The UK Government’s ZEV mandate is at risk of accidentally harming the country’s EV transition, MPs have been told.

Addressing a House of Commons Transport Committee session on the health of the EV market following the delay in the ban on new petrol and diesel cars to 2035, BVRLA chief executive Gerry Keaney said the mandate needed to be applied with some flexibility.

To meet the mandate, manufacturers must sell a specified, increasing proportion of zero-emission vehicles each year, or potentially incur penalties.

Keaney said: “The ZEV mandate is in more danger of creating negative unintended consequences than of acting as a positive driver into the marketplace. 

“The ZEV mandate was launched at almost exactly the time when the government sent a significant signal to consumers and the marketplace on electric vehicle adoption moving from 2030 to 2035. 

“On the one hand they put the ZEV mandate in place, forcing manufacturers to achieve penetration levels of a certain percentage, and at the same time they sent a very negative signal to consumers. That is clearly one of the key factors that has affected retail consumer confidence in the marketplace for new electric vehicles.”

Keaney said that based on feedback from the market and from manufacturers, the two changes together were not currently delivering what was intended.

He said: “With my membership in the rental sector we see the significant economic contribution made by the major rental companies: there is very little demand for rental customers to take an electric vehicle with all the issues around charging, infrastructure, confidence and whatever else. 

“Clearly, our rental members are under a lot of pressure, in discussions with manufacturers, to take a share of electric vehicles alongside the petrol vehicles they want so that manufacturers can achieve their 22% penetration levels. That is pushing electric vehicles into a segment of the marketplace where there is no demand for them. 

“That is negative overall and will certainly create a disorderly marketplace. The implications of the current ZEV mandate in isolation, operating as it currently does, are creating significant negative unintended consequences.”

Also addressing the committee, Society of Motor Manufacturers and Traders (SMMT) head of technology and innovation David Wong spoke of an imbalance that had been created between supply and demand.

He said: “The ZEV mandate is essentially a supply-side measure. It compels the supply of the vehicles, but there is nothing on the other side of the fence to compel consumers to purchase those vehicles. 

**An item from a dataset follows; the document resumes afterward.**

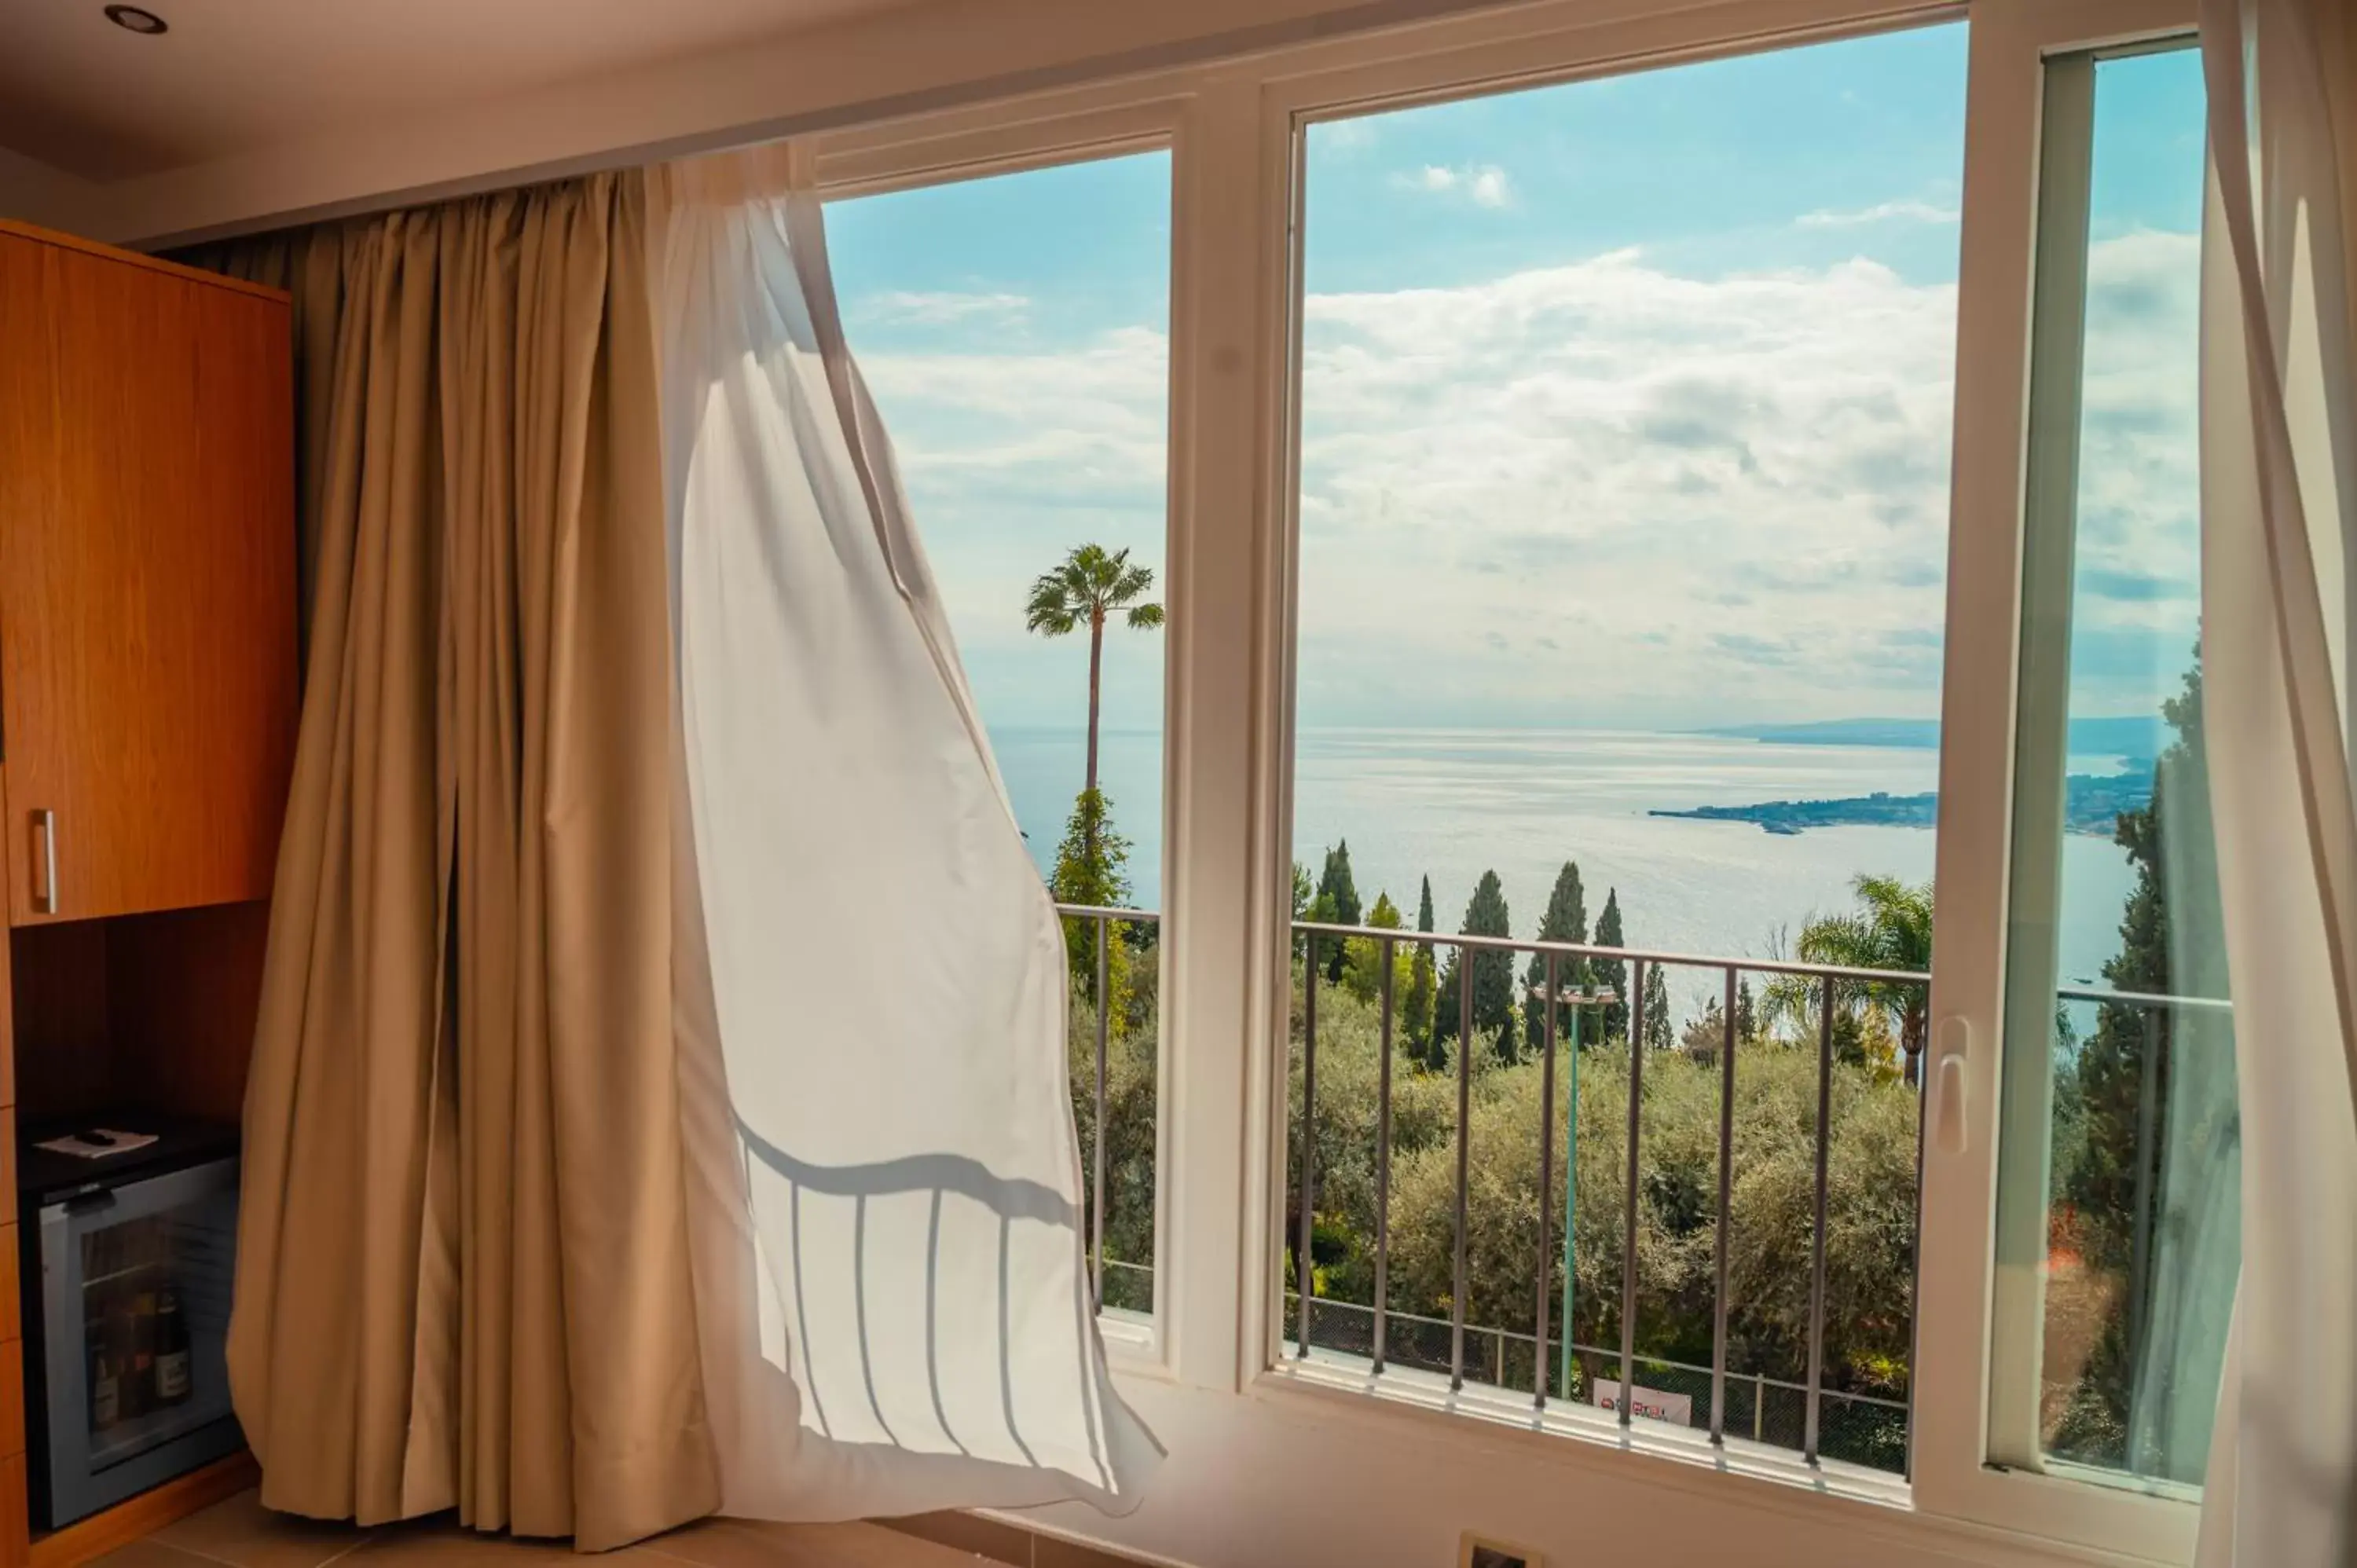 Sea view in Hotel Villa Paradiso
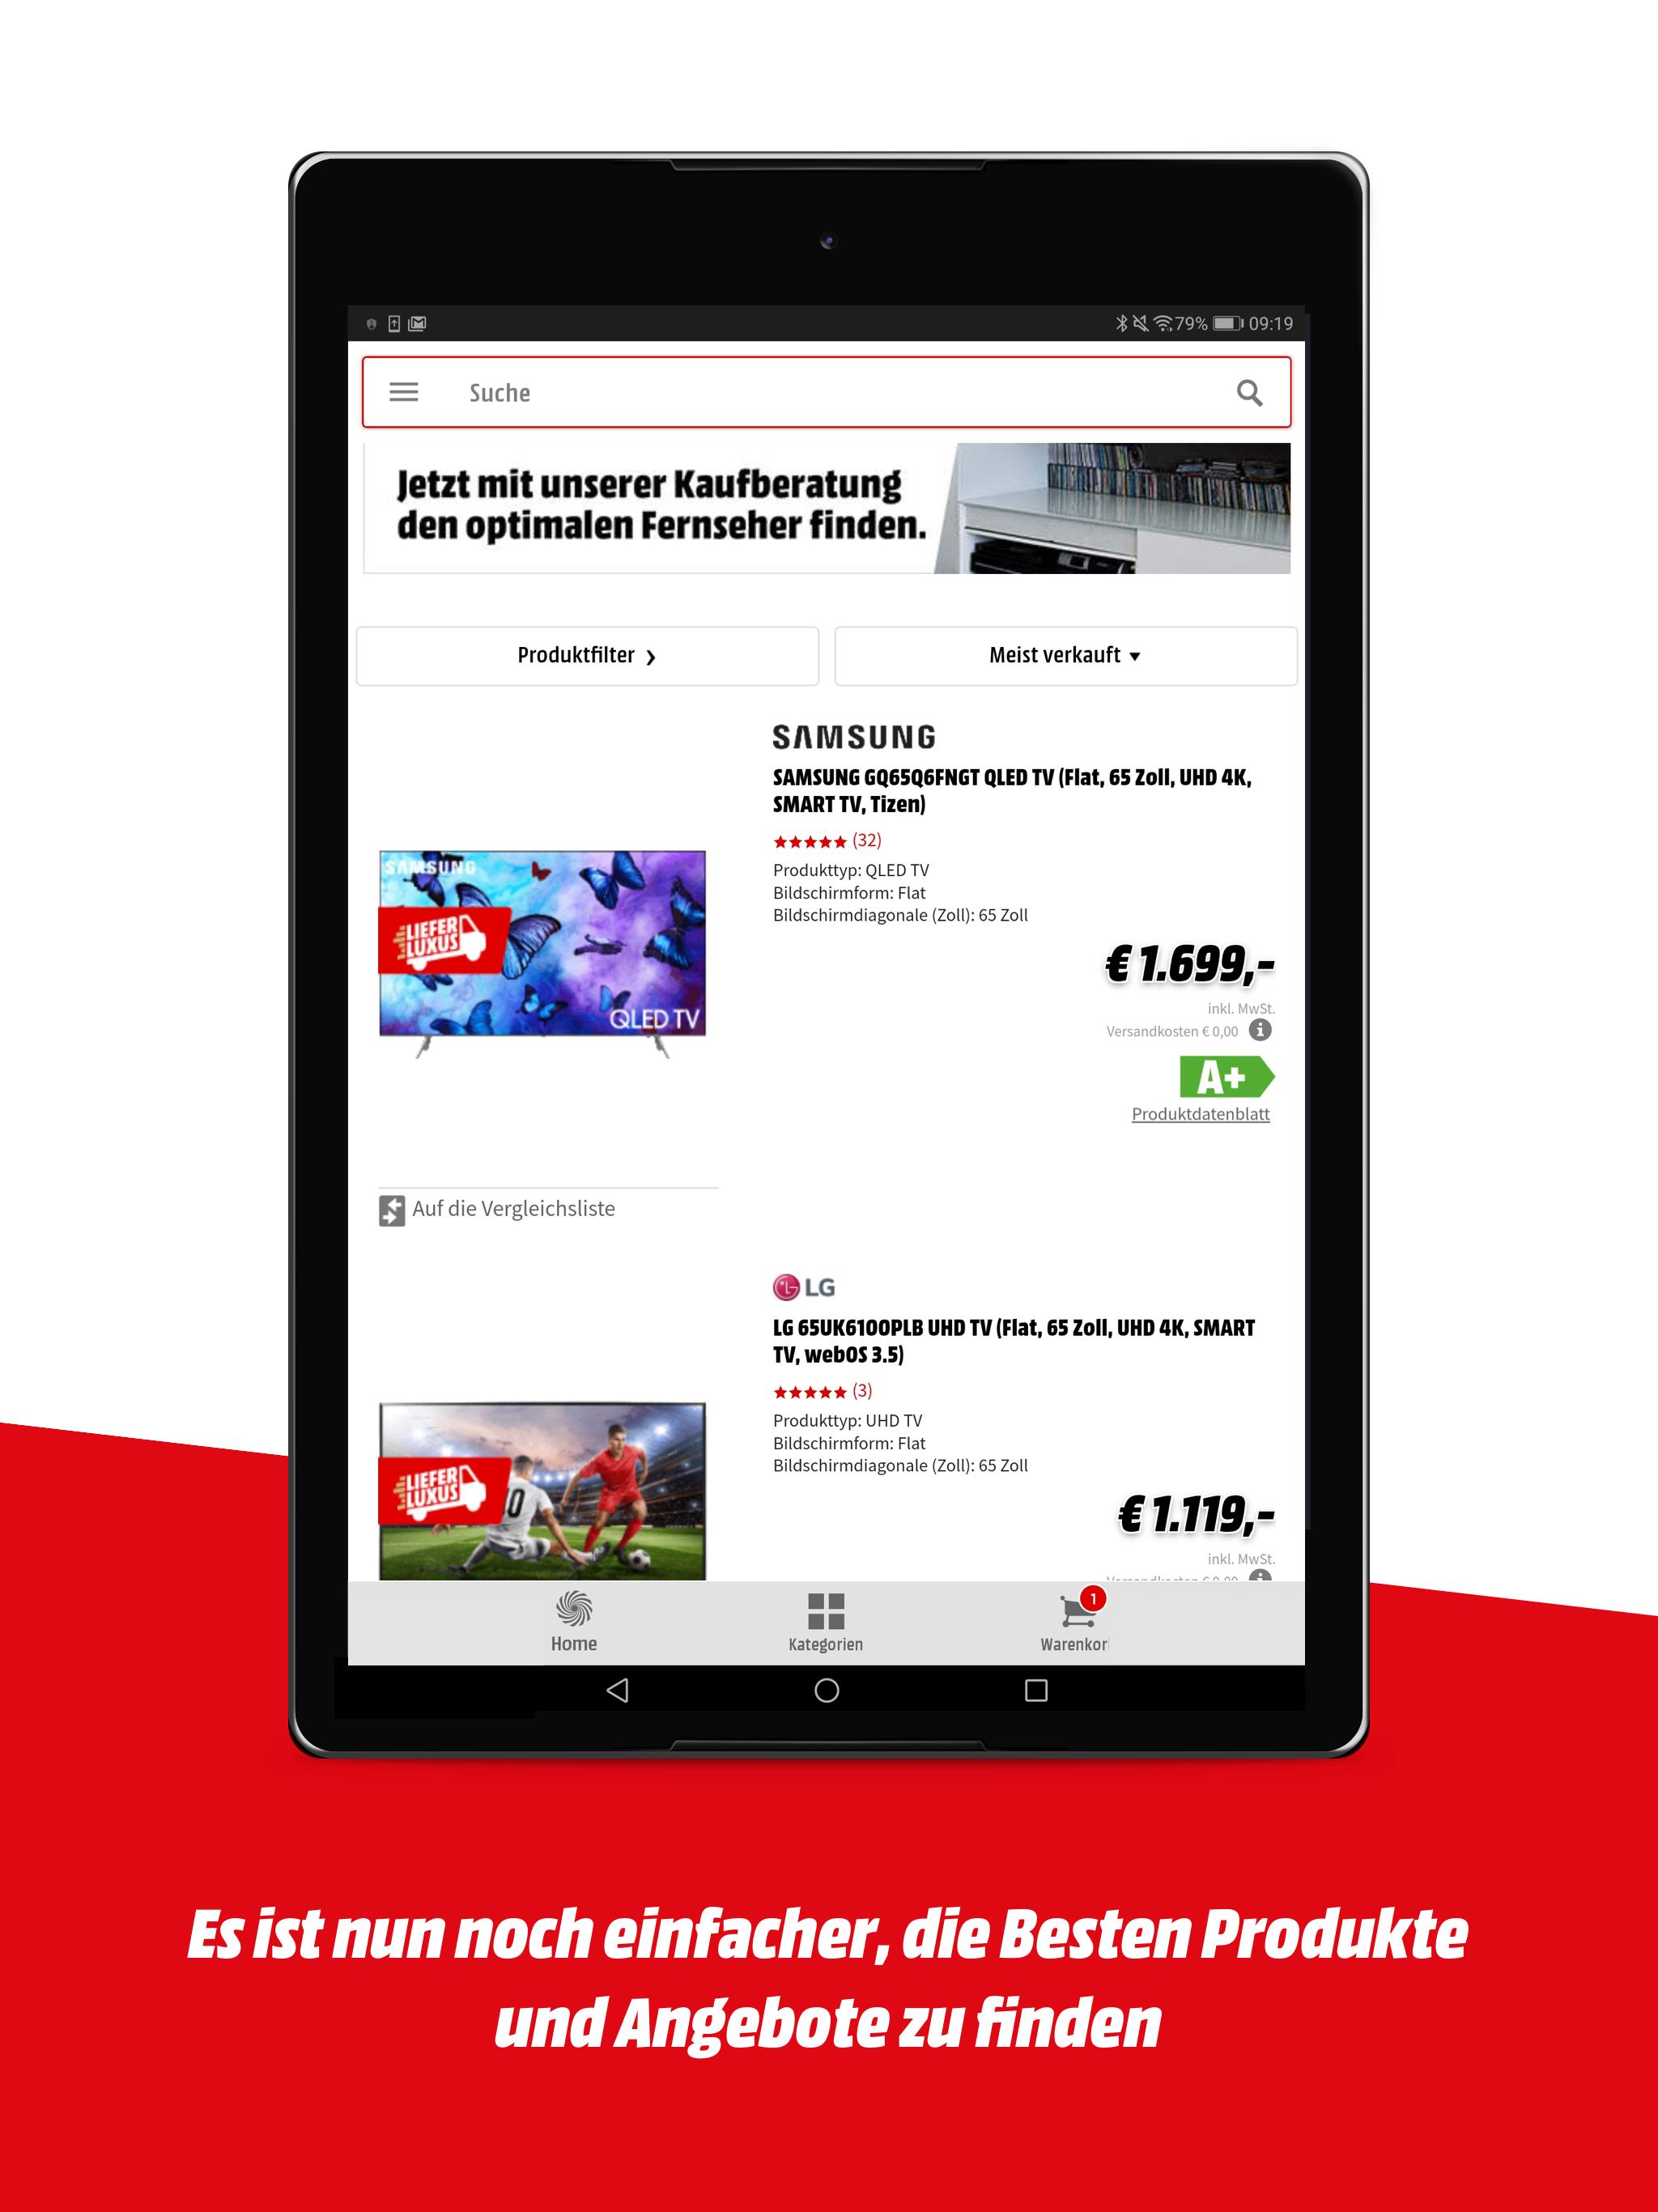 Media Markt Deutschland for Android - APK Download

“Pushing back the end- of-sale date from 2030 to 2035 doesn’t help because, on the supply side, manufacturers are obliged to bring a certain percentage of vehicles to the market, in increasing measure, every year until 2030; but on the demand side the message that is being sent to consumers, unfortunately, is that they have a five-year stay of execution, so to speak, and they can delay their purchase for another five years, all the way to 2035. That misalignment between the supply and demand sides does not help.”